Researchers examined data on 144 patients diagnosed with B cell malignancies, including 93 individuals treated with ibrutinib and 51 treated with conventional chemotherapy. At baseline, a majority of patients on ibrutinib (63.4%) and on chemotherapy (66.7%) had hypertension, defined as blood pressure of at least 130/80 mmHg or use of antihypertensive medication.
One month after treatment initiation, the proportion of patients with hypertension climbed to 72% in the ibrutinib group and decreased to 54.9% in the chemotherapy group. In addition, significantly more patients on ibrutinib (36.6%) than on chemotherapy (7.9%) experienced an increase in systolic blood pressure of more than 10 mmHg at one month compared to baseline, according to the results published in Heart.

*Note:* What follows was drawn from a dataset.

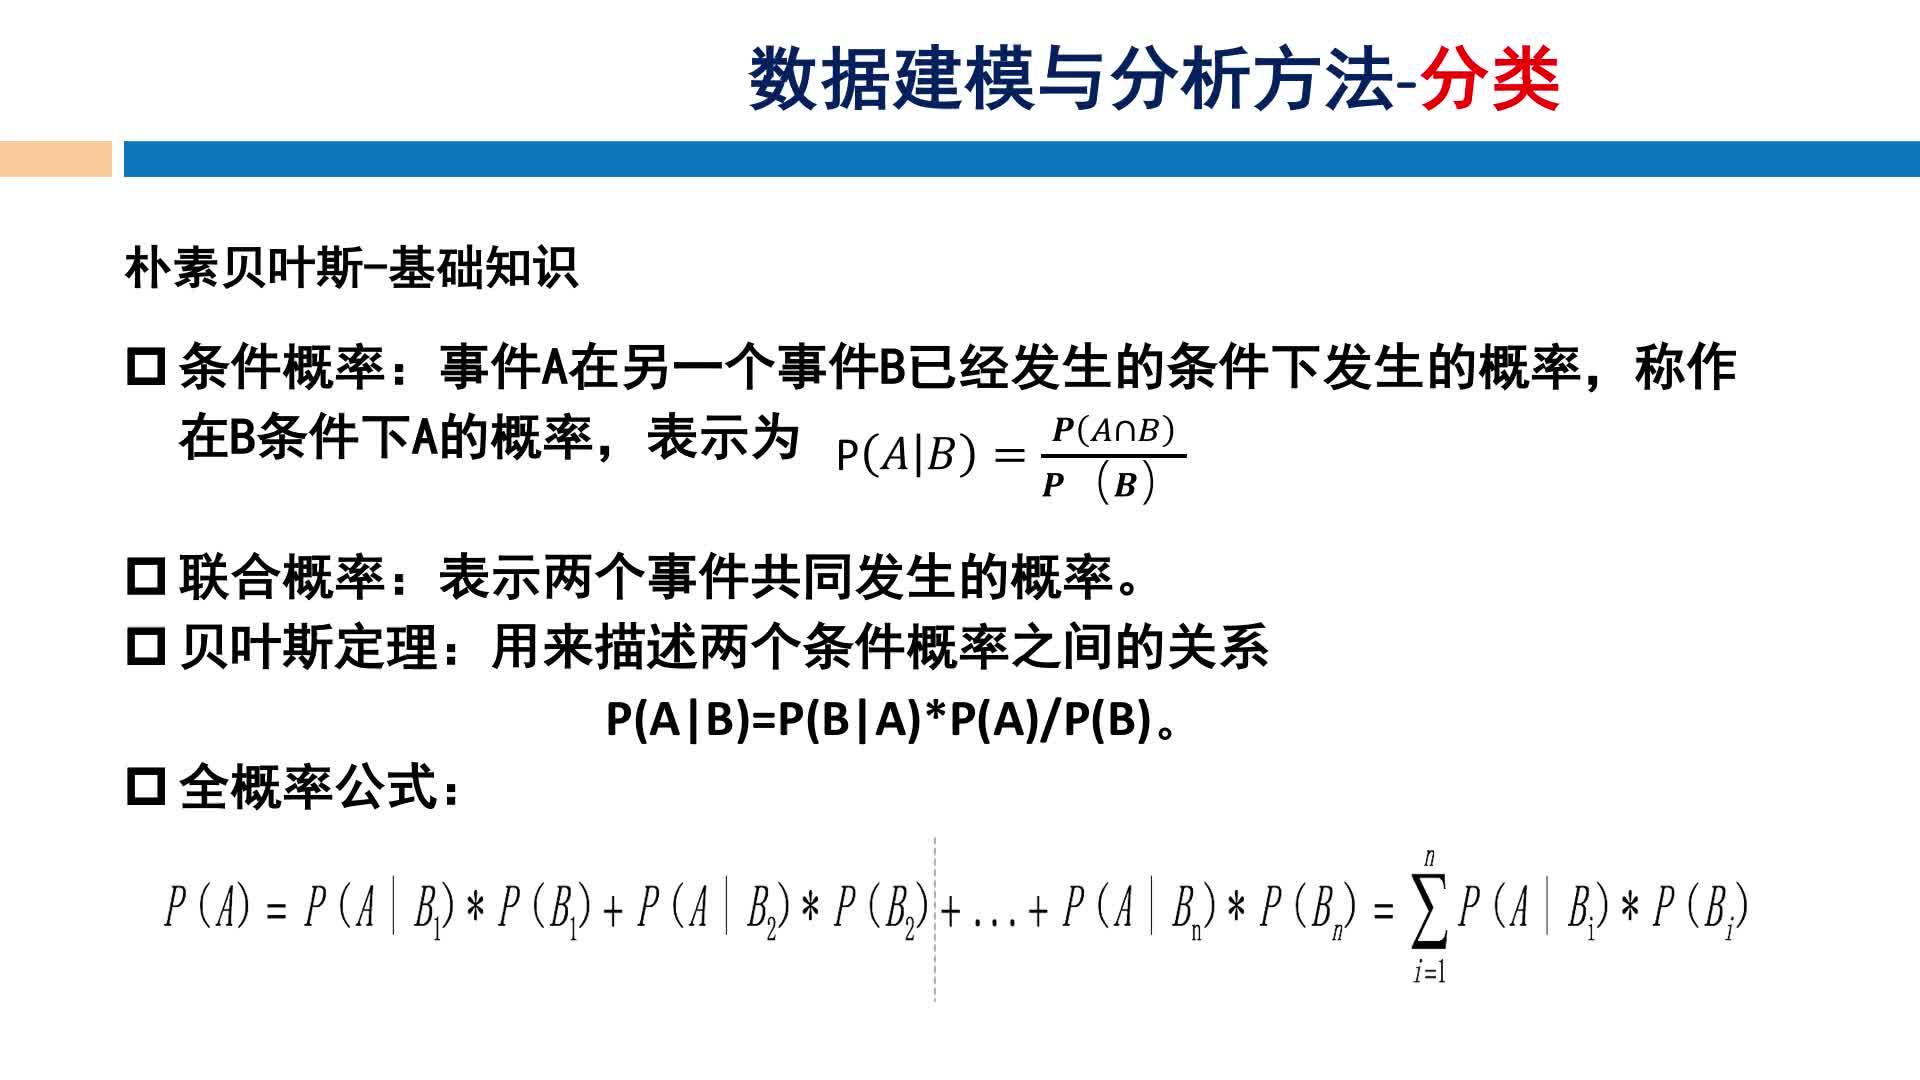 北京理工大学慕课——袁汉宁:大数据分析(三)

"It is essential for cardiologists and oncologists to be aware of this side effect since uncontrolled hypertension can lead to various life threatening consequences including heart attack or stroke," said senior study author Dr. Michael Fradley, medical director of the Penn Cardio-Oncology Program at the Perelman School of Medicine at the University of Pennsylvania in Philadelphia.
"Vigilant monitoring and treatment of ibrutinib associated hypertension is essential to allow patients to continue taking a potentially life-saving medication while preventing the long-term harm that can be associated with blood pressure elevations," Dr. Fradley said by email.

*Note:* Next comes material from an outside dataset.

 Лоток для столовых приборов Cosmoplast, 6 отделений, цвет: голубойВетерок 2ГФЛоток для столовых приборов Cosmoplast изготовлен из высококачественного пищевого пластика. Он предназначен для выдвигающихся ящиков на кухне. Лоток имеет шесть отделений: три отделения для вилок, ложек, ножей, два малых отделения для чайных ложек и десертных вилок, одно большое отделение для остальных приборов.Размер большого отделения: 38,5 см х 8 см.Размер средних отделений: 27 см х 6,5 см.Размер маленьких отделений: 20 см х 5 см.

The study results suggest that there is room for improvement in monitoring and treating hypertension among patients on ibrutinib.
Among patients on ibrutinib with hypertension, only 38.8% either initiated treatment with antihypertensive medication or had medication changes in response to increasing blood pressure. But the majority (61.2%) of people on ibrutinib who had hypertension didn't start antihypertensive medication or change their treatment in response to worsening blood pressure.
Just 52.9% of patients on ibrutinib who experienced at least a 20 mmHg increase in systolic blood pressure initiated or changed antihypertensive medication as a result.
One limitation of the single-center study is that results may not be generalizable to outcomes elsewhere, the authors point out. The study also wasn't designed to assess the effectiveness of different antihypertensive medications or examine adverse cardiac events.
While the study didn't examine possible mechanisms for the potential cardiotoxicity of ibrutinib, it's possible that off-target downregulation of the VEGF pathway plays a role, the authors note.
"Ibrutinib appears to act on a broad number of receptors which have been linked with high blood pressure," said Dr. Daniel Addison, co-director of the cardio-oncology program at the Ohio State University Comprehensive Cancer Center in Columbus.
"We have seen similar findings with high rates of new and significant hypertension with Ibrutinib, and other BTK inhibitors," Dr. Addison, who wasn't involved in the study, said by email.
Results from the current study underscore that clinicians should be vigilant for increased blood pressure in patients treated with ibrutinib, particularly in the first month after treatment initiation, Dr. Addison said.
"Undertreating blood pressure may impact the risk of other cardiotoxic events with ibrutinib," Dr. Addison said.
SOURCE: https://bit.ly/2TLVDib Heart, online July 1, 2021.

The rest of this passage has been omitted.